Out of 127 U-Pb analyses for the control bone (Fig. 1), 55 were rejected for falling outside an arbitrary 70–80 Ma age window (not 60–80 Ma as stated in Fassett et al.), and 47 rejected for having 238U/204Pb >500. The remaining 25 analyses are referred to as “unaltered parts of bone” (p. 160), implying that the other 102 samples are altered—in most cases based solely on the failure of their ages to fall within their entirely arbitrary 70–80 Ma acceptance window.

It is not surprising that exclusion of all ages falling outside a window whose midpoint is close to the desired age target of 73 Ma, and whose half width is similar to the individual age errors, yields a mean close to the target age, and a mean square of weighted deviates near 1. However, to regard the resulting age and uncertainty as meaningful, and a validation of their technique on any other such sample, cannot be justified.
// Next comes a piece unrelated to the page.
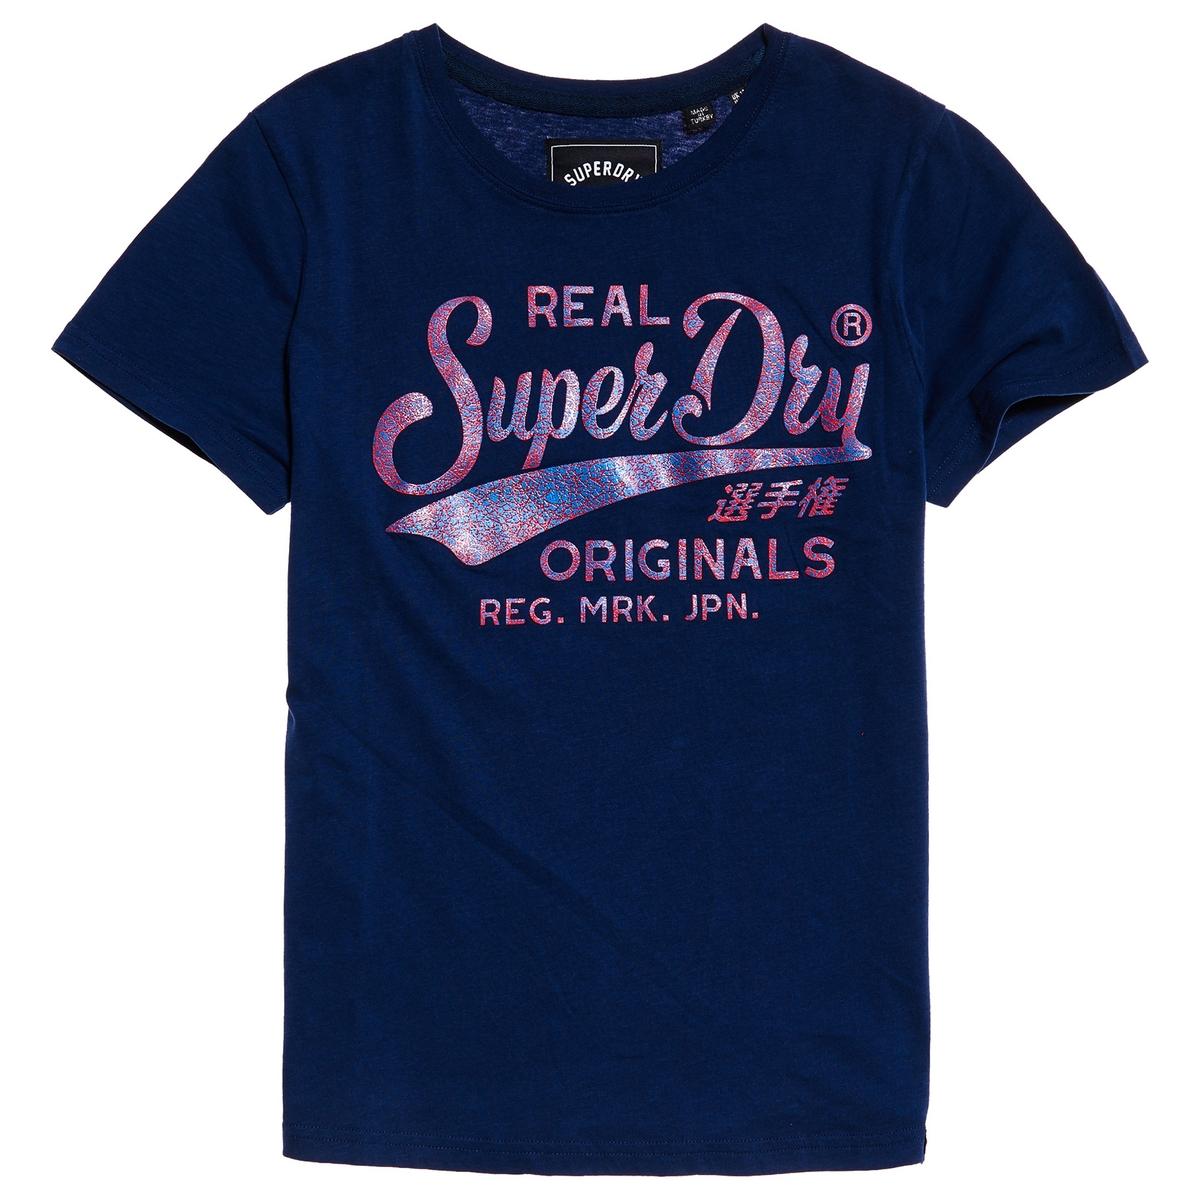 Imagen principal de producto de Camiseta con estampado delante Real Originals - Superdry

Concerns regarding common-Pb correction also affect sample BB-1. In common with analyses on the control bone, the BB-1 206Pb/204Pb-238U/204Pb ratio pairs give very different results than the 238U/206Pb-207Pb/206Pb system used for Fassett et al.’s calculations. For example, the 206Pb/204Pb-238U/204Pb isochron age for the BB-1 longitudinal samples is 55 ± 3 Ma, compared to Fassett et al.’s 64.8 ± 0.9 Ma (which is essentially a 238U/207Pb-207Pb/206Pb isochron age). This discrepancy (which must arise either from unrecognized analytical problems, a history of open-system behavior, or highly variable common Pb) is neither acknowledged nor discussed in Fassett et al.